DIYs Fashion

Trying 3 Simple Tie Dye Methods: Ice, Spiral, and Scrunch

September 6, 2020

Tie dye is one of those trends that never gets old. It's a super simple way to revamp your old clothes, and pretty much always looks great. Not to mention how fun it is taking off the rubber bands and revealing your final pattern. This year, tie dye became a major trend again, and stores like Urban Outfitters hopped on it. While the sweatshirts and matching sets are so cute, they always cost more than simply making it yourself. I haven't tie dyed in over 2 years, and I figured now would be the perfect time to do another tie dye project. I've decided to try three different methods on different articles of clothing. For this post, I'll be trying the ice cube method, scrunch method, and the classic swirl.

Scrunch Method

For this method, all you do is randomly scrunch up your clothing and tie the sections up with rubber bands. This is the only method I've done before, and I always like how this method turns out. I used Rit dye in the color Pearl Grey on an old pair of sweatpants from Rue21.

I started off by randomly scrunching up the sweatpants in sections and tying them with rubber bands. I made five sections: the two legs, the two sides of the upper half, and the center.

I mixed two tablespoons of dye with two cups of hot water and a tablespoon of salt inside of a squirt bottle. Then I squirted the mixture all over the pants intentionally leaving a few sections white.

I took the rubber bands off after 30 minutes to rinse the sweatpants in cold water, like the directions on the Rit website said to do. Initially, I loved how the pattern came out and was super excited.

However, after rinsing in cold water, most of the dye washed out of the pants, and they didn't look nearly as good anymore. I decided to repeat the process but let the dye sit for two hours instead of 30 minutes. It still didn't change the outcome. I think the problem may have been the fabric of the sweatpants. I decided to wash the sweatpants completely and start from scratch. I repeated the first few steps, rung out excess moisture, did a rinse in the sink, and put the sweatpants in the dryer. After they were dry, I left them alone for a week to see if I could "stain" the fabric.

After a week, I rinsed them in cold water, and the dye stayed completely.

Classic Swirl Method

For a sweatshirt, I decided to use the exact same color as I did for the sweatpants. For this method, I chose a point near the center of the shirt and twisted it in one direction until the entire sweatshirt was a swirl. Then, I tied 3 rubber bands around the shirt to make six sections.

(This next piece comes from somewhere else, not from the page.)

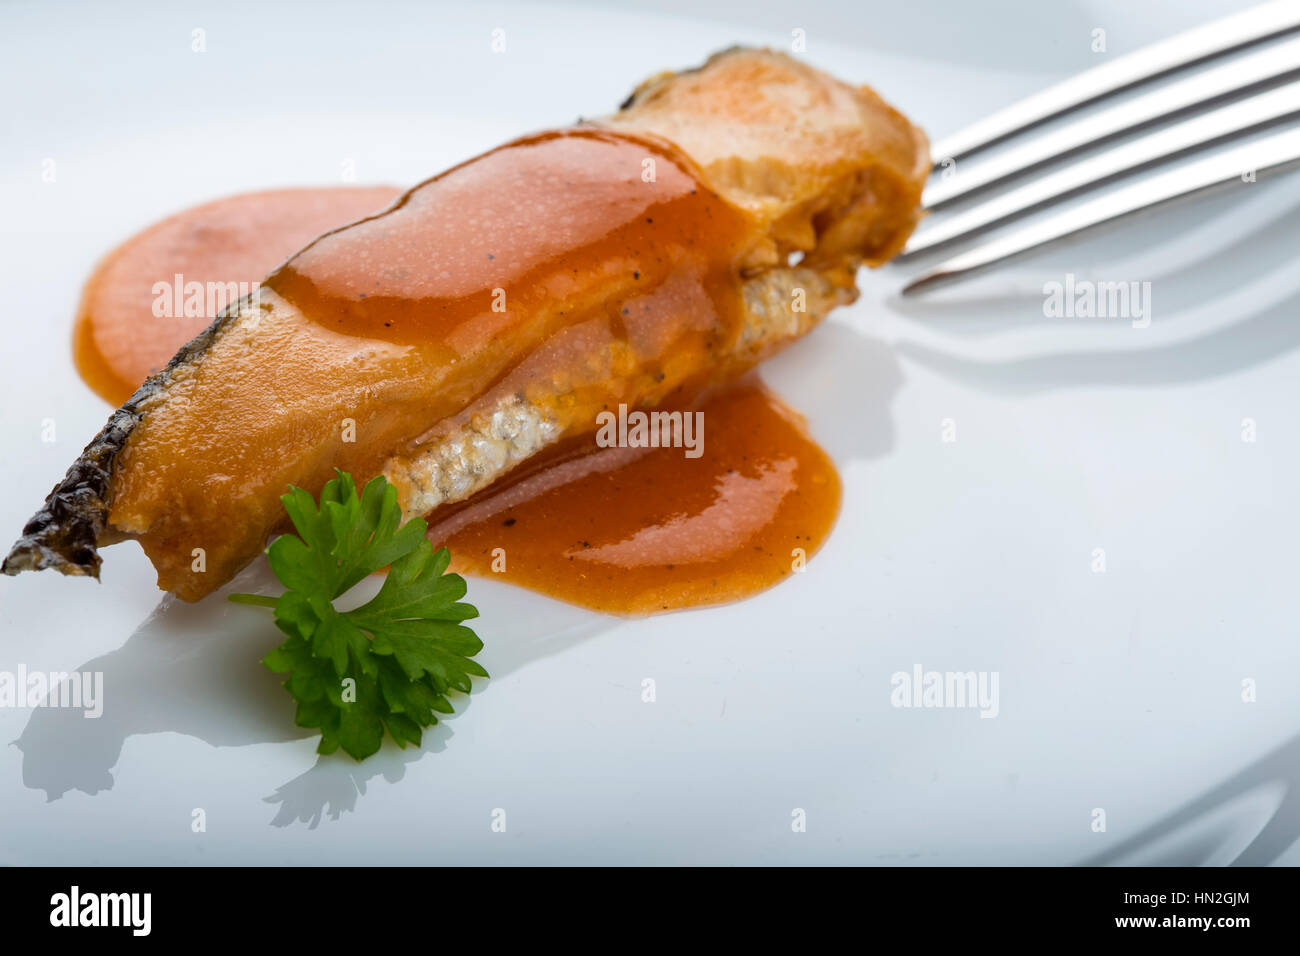 Marinated herring fish in tomato sauce on plate with parsley and fork in background Stock Photo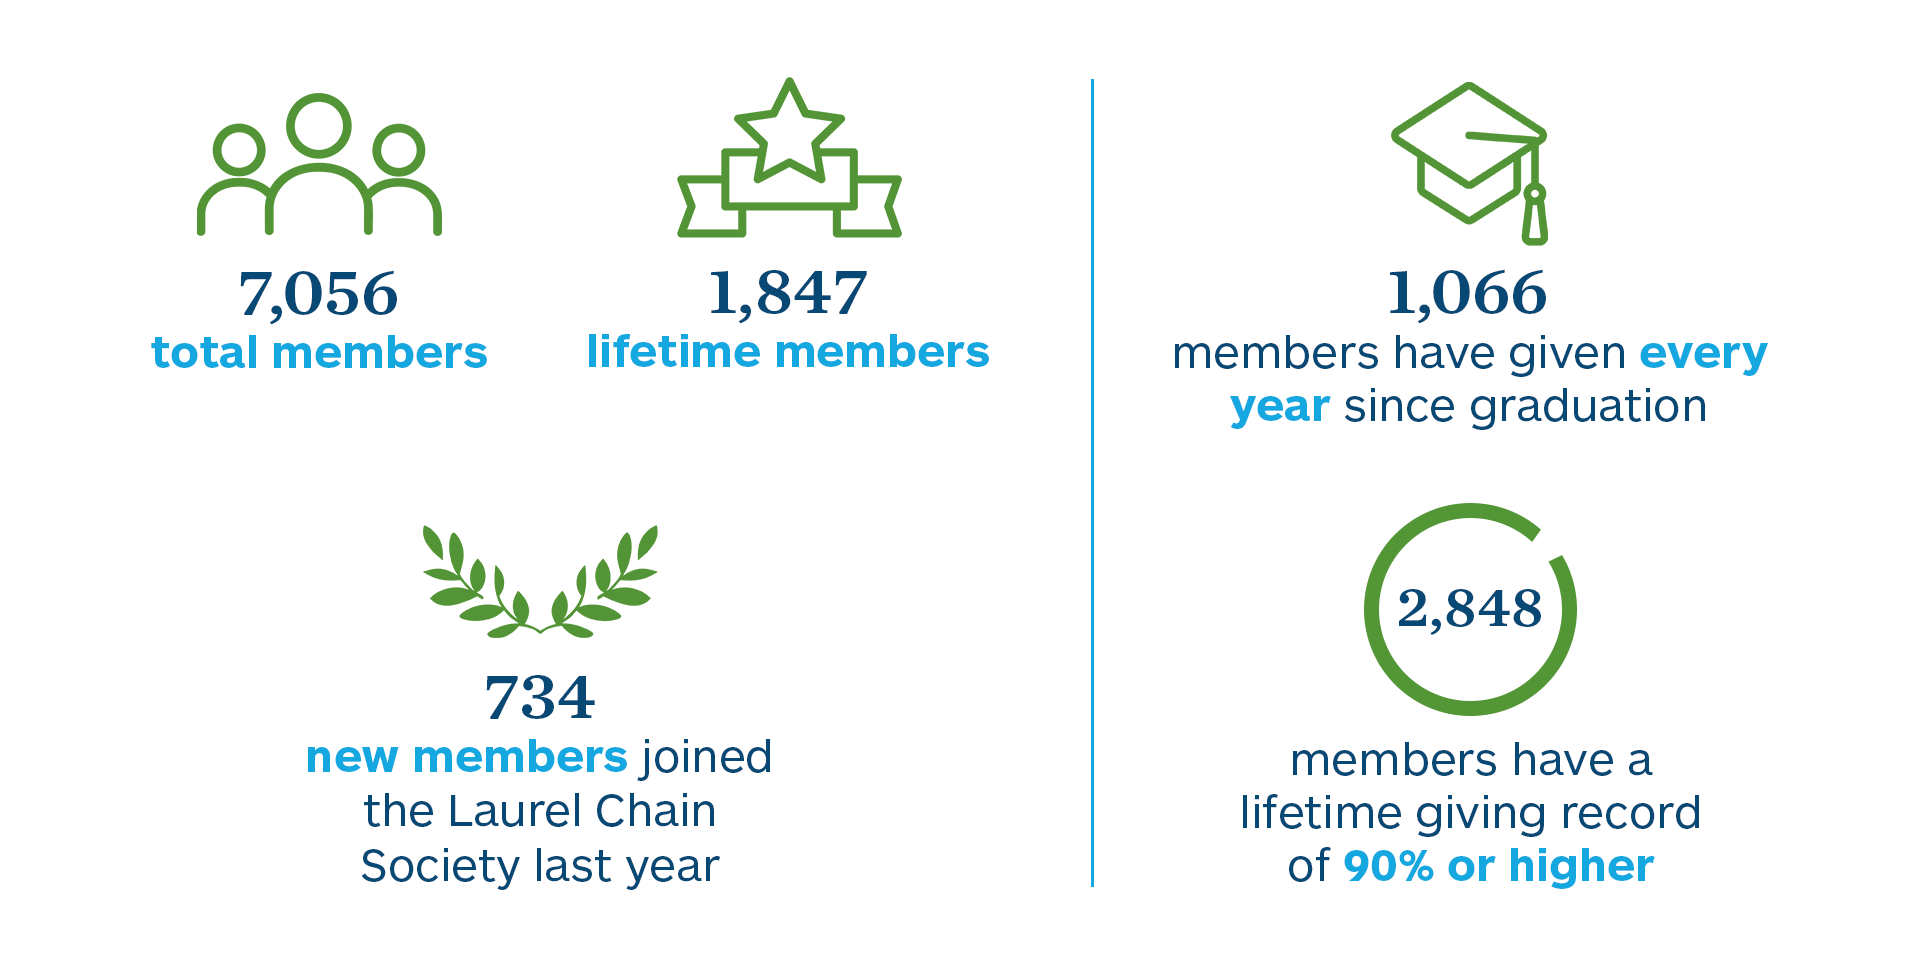 7056 total members | 1847 lifetime members | 734 new members joined the Laurel Chain Society last year | 1066 members have given every year since graduation | 2848 members have a lifetime giving record of 90% or higher

I used the exact same dye mixture as the sweatpants and covered the entire shirt with the same Pearl Grey color. Initially after taking out the rubber bands, the pattern looked great. However, just like the sweatpants, the dye completely washed out. Again, it was most likely a fabric issue. I decided to try a second time with the same method as the sweatpants on attempt #2.

After letting the dye sit, it started to create some random orange spots. I'm not sure why it happened, but the shirt still looked good, so I didn't mind. After a week passed, and I rinsed the sweatshirt in cold water. The dye washed out again, and I decided to accept that the fabric was not going to do well with this dye. It was really disappointing because I thought the pattern was super cute.

Ice Method

Of all the methods of tie dye I was trying, I was most excited for the ice cube method. I've seen other peoples' results, and they always look AMAZING. For this one, I made sure I had a 100% cotton t-shirt. First, I mixed the dye. I used the Tan Rit dye. I used the same directions as the grey dye but only used one tablespoon of dye like the directions said.

After this, I set a metal rack in a bucket, so the water could fall through it. I crumpled up my t-shirt but didn't use any rubber bands, and I set it on top of the rack.

Then, I put ice cubes all over the shirt.

Last, I squirted the dye on the shirt and ice cubes and left it outside to let the ice cubes melt.

I was a little worried about how the back of the shirt would look since I wasn't applying dye directly to it. The dye did end up leaking onto the back, so it ended up looking fine. The color on the shirt was much lighter than I expected. However, I loved the pattern; it reminded me a lot of marble. I just wish the color was a little bit darker and more visible. I would have loved to try this method on a sweatshirt with more saturated dye.

It was definitely interesting to see how the dye looked on different fabrics and how much dye each article of clothing held onto after being washed. In my opinion, the sweatpants turned out the best. They were only 35% cotton which is why I had to let the dye sit for so long in order for it to stay, but it was totally worth it. I will probably try a cotton sweatshirt in the future and make the tan dye a little bit more saturated, so the color is more visible. Overall, I think it was a great learning experience. Now I know to pay attention to the fabrics and type of dye I'm using for the best results.